Wait. It’s not what you think. Let me be clear. There is no actual tradition of Satan worship in the West. Being a tradition, on par with a historic faith, requires a discernible family tree of institutions, liturgy, canonical works, and sanctioned beliefs. Satanism in the West has none of this. It is, alternately, a historic accusation hurled against whomever is outside a dominant belief system; a misnomer, such as the absurdly hyped “Satanic abuse” panic of the 1980s; or an artistic and experimental system harnessed by impresarios and seekers, and highly individualized to their personal outlook.

Enter Anton Szandor LaVey (1930–1997), founder of the Church of Satan in San Francisco in 1966, and arguably the most famous “Satanist” in history. Journalists once thrilled to the claims and exploits of the goateed and shaved-headed LaVey, who mythologized his past as a carney, hobnobbed with celebrities like Jayne Mansfield and Sammy Davis Jr. (the performer recounts his flirtation with Satanism with admirable candor in his memoir, Why Me?), and provided endlessly good copy.

For instance, there was the time in 1969 when Anton told a credulous reporter from The Wall Street Journal the entirely plausible — and completely invented— story that he, in caped Luciferian splendor, had played the role of Satan in the horror classic Rosemary’s Baby. The phony claim gets repeated in the press to this day.

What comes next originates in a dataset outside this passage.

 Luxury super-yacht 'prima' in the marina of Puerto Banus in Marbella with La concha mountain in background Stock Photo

I had once written off Anton as a showman and gifted musician with a instinct for the (virtual) kill. I saw his theology as little more than a secularized bastardization of British occultist Aleister Crowley, with a side of Ayn Rand’s Objectivist ethics and will-to-self thrown in. I was wrong.

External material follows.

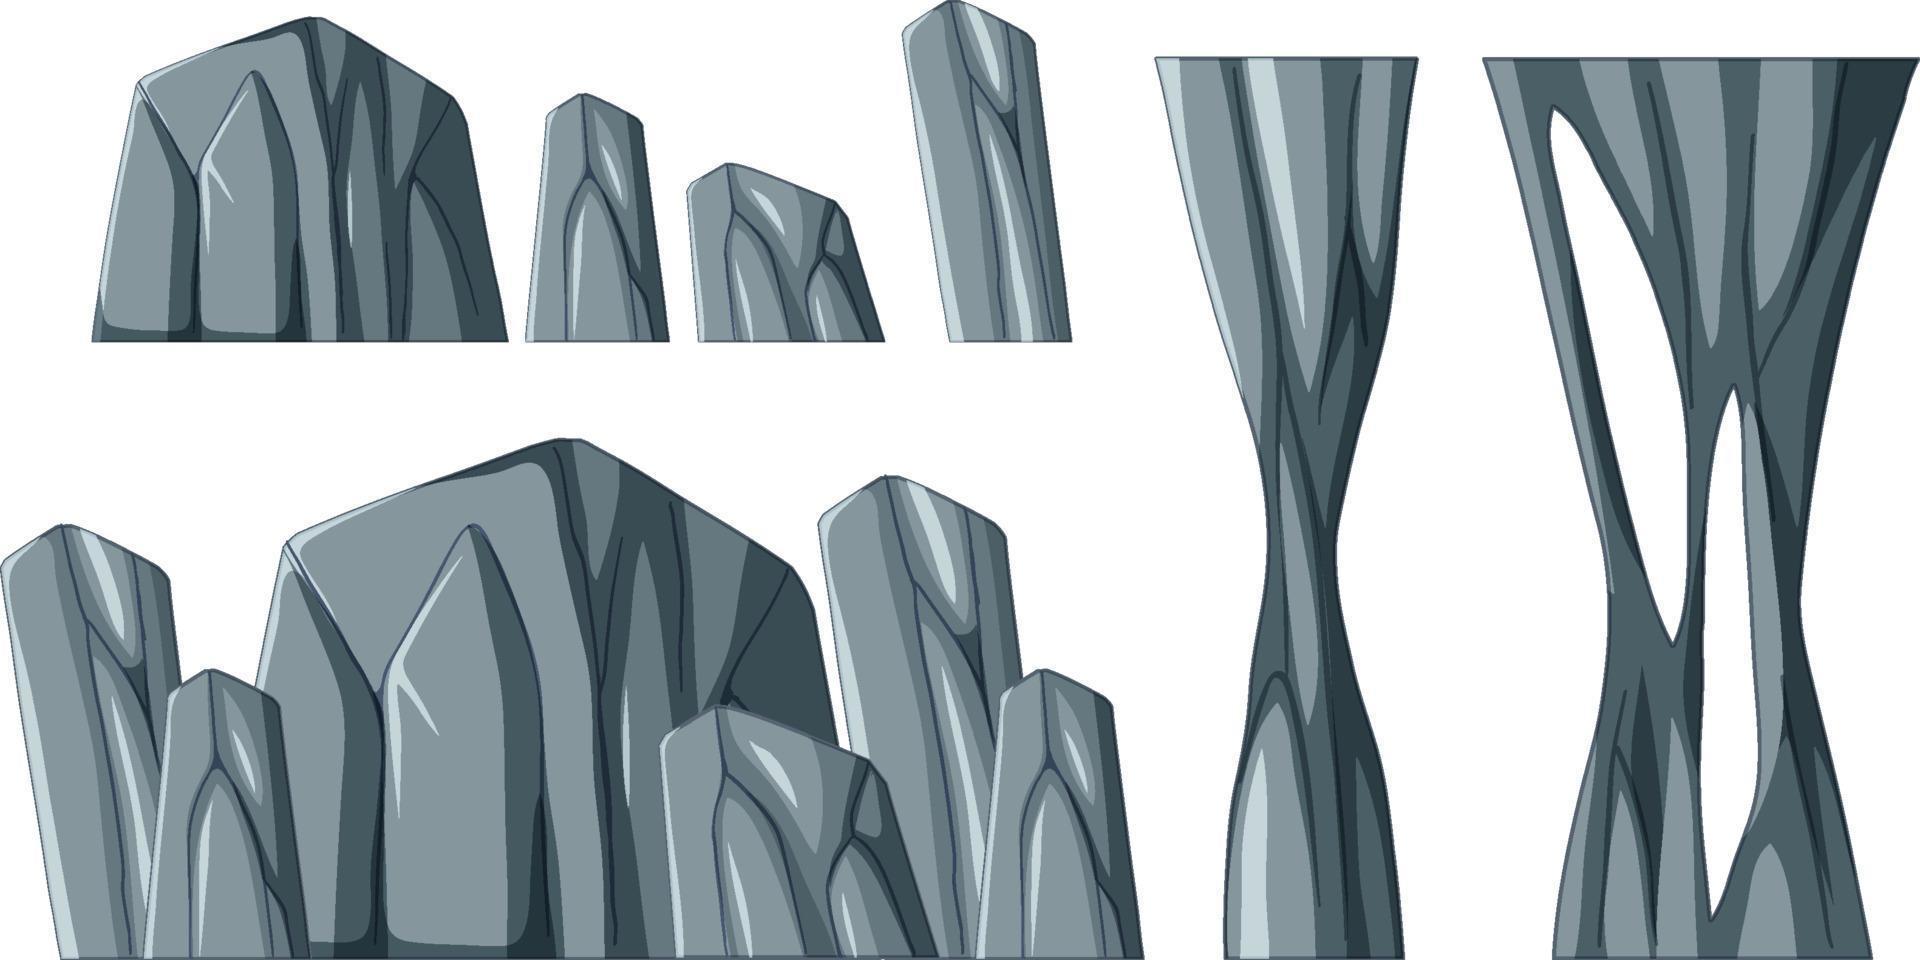 Stalactite stalagmite in cartoon style vector

As I recently discovered in cultural critic and occult explorer Carl Abrahamsson’s stunningly insightful forthcoming study Occulture, Anton had a more fully developed philosophy than I had realized, and he wrote with a depth and wit that has gone under-appreciated.

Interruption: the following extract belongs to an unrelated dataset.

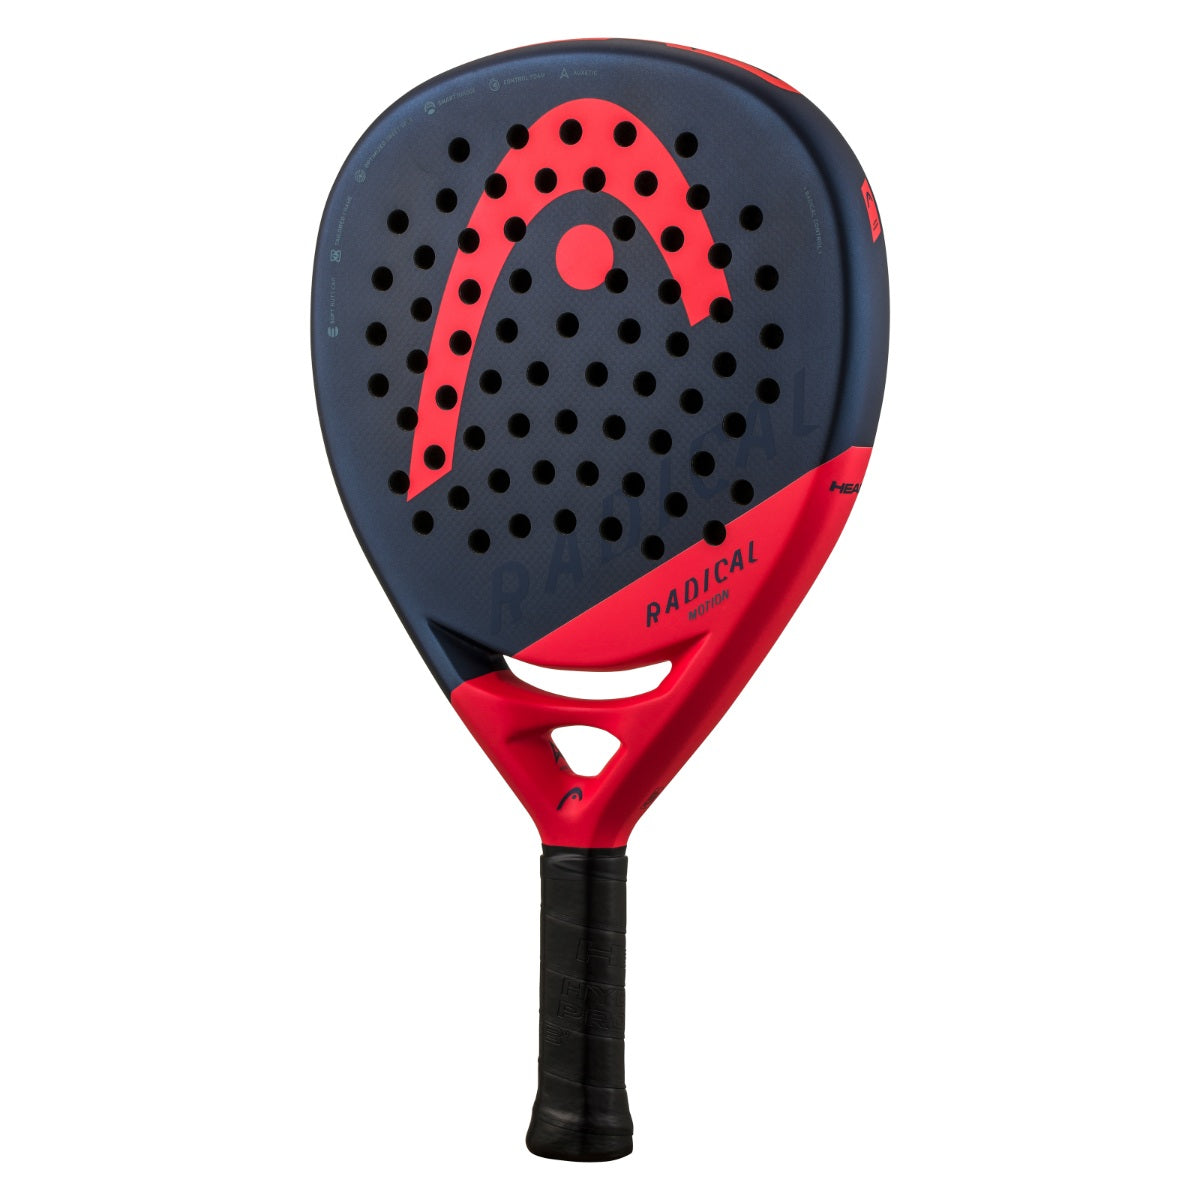 Head Radical Motion 2024 padel tennis racket main image on sale at thepadelshop.co.nz

To clarify Anton’s belief system, he neither believed in nor worshipped Satan as a literal entity. Rather, he defined Satanism as the instinct and ethic of radical non-conformity. To him, Satanism existed as the countercurrent to crowd mentality, and the pushback against the human mass of group-thinkers who, historically, are responsible for most earthly catastrophes. In Anton’s eyes, the Satanist, rather than being a force of malevolence, is history’s rebel, romantic, and freethinker — but with a razor’s edge of self-determination, which might be best summarized in the statement famously (if loosely) attributed to Ayn Rand: “The question isn’t who is going to let me; it’s who is going to stop me.”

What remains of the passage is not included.